To do this, the team will develop a robot that collects samples in a classroom via interactions with children. Researchers also will develop new methods for differentiating flu viruses that are infectious versus non-infectious.
“Combined, these innovations in detection approaches will provide insight into the amount of infectious viruses present within the indoor environment in close proximity to children,” said Wigginton. “This will aid in the development of interventions that reduce the amount of infectious viruses in the air.”
The second project, led by Seema Lakdawala at the University of Pittsburgh and Anice Lowen at Emory University, examines the efficiency of virus transmission modes, including aerosols, droplets, and contaminated surfaces, by using ferrets and engineered viruses. Further research will determine what non-pharmaceutical interventions are most effective for blocking each transmission mode.
“Our goal is to create a new way to study the transmission of respiratory viruses that better mimics human settings and behaviors,” said Lakdawala. “We hope to translate observations from animals to child care centers during outbreaks of respiratory viruses including flu and coronaviruses to block the continuing spread of viruses among kids and to our communities.”
Conventional animal model systems have not been effective at clearly differentiating among transmission routes.
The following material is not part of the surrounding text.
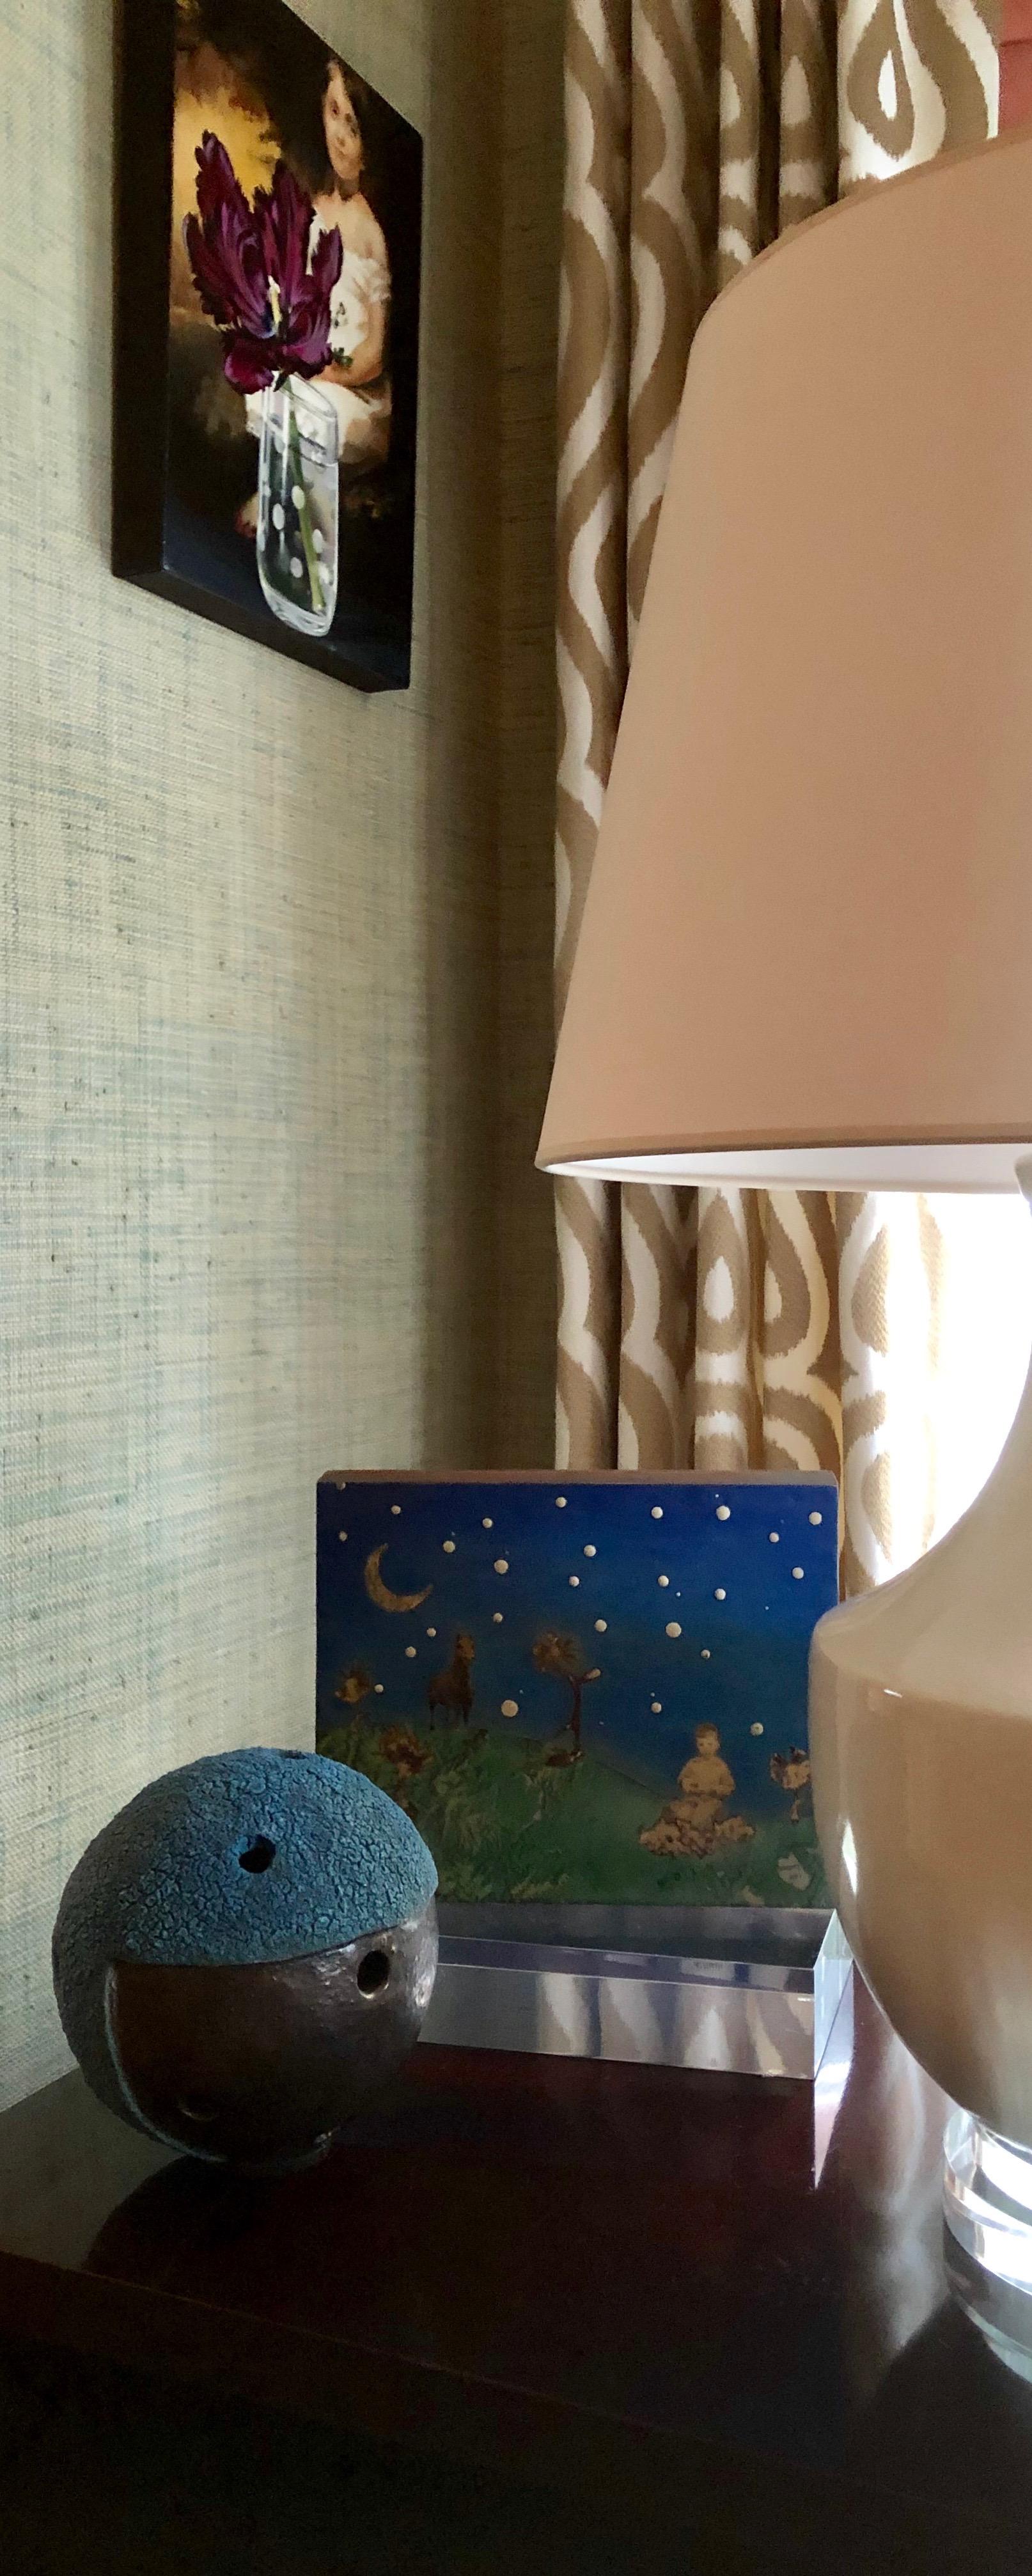 figurative work by sherrie wolf (hanging) + virginia scotchie ceramic sphere + encaustic by mirada lake

Therefore, the team’s engineering and aerosol experts have built a new system that incorporates tunable environmental parameters, ventilation rates, and detection sensors.
Marr and Lakdawala have found in previous studies that the flu virus survives in aerosols across a wide range of ambient humidity. This project will extend those findings to ferrets by exploring the effects of humidity and temperature on modes of transmission. Researchers also will test interventions, such as humidifiers, air purifiers, ventilation rates, and simple engineering barriers, that could ultimately be translated to child care settings.
The third project focuses on environmental factors driving flu transmission in child care settings. According to Andrew Hashikawa at the University of Michigan, who co-leads this project with Emily Martin, children attending group child care are known to have high rates of acute respiratory illness due to their naïve immune systems. Their high susceptibility to infection makes these child care centers an important setting in which to evaluate respiratory illness-reducing interventions.
The team will leverage the Michigan Child Care Related Infections Surveillance Program (MCRISP), an ongoing illness surveillance network of regional childcare centers in the state of Michigan, and the Michigan Household Influenza Vaccine Evaluation study (HIVE), which works with families to conduct ongoing active surveillance of viruses in the community.
“We have shown that respiratory infections spread between children in child care centers, and these infections have major impacts on families,” said Martin, an associate professor of epidemiology at Michigan’s School of Public Health. “We believe that by developing interventions for the child care environment, we can reduce this transmission.”
By studying the presence and quantity of virus detected on surfaces and in ambient air, the research team will compare classrooms with portable air cleaners, humidifiers, or improved ventilation to those without.
“These three projects are strongly synergistic and will hopefully allow us to make a big leap in understanding transmission of the flu and how to reduce it,” said Marr. “Ultimately, we hope to reduce the impact of flu on human health and associated economic costs.”
With this goal in mind, the MITIGATE FLU team will not only push forward strategies to stop the spread of flu each year but also provide a framework for the study of other respiratory viruses, such as RSV and coronaviruses.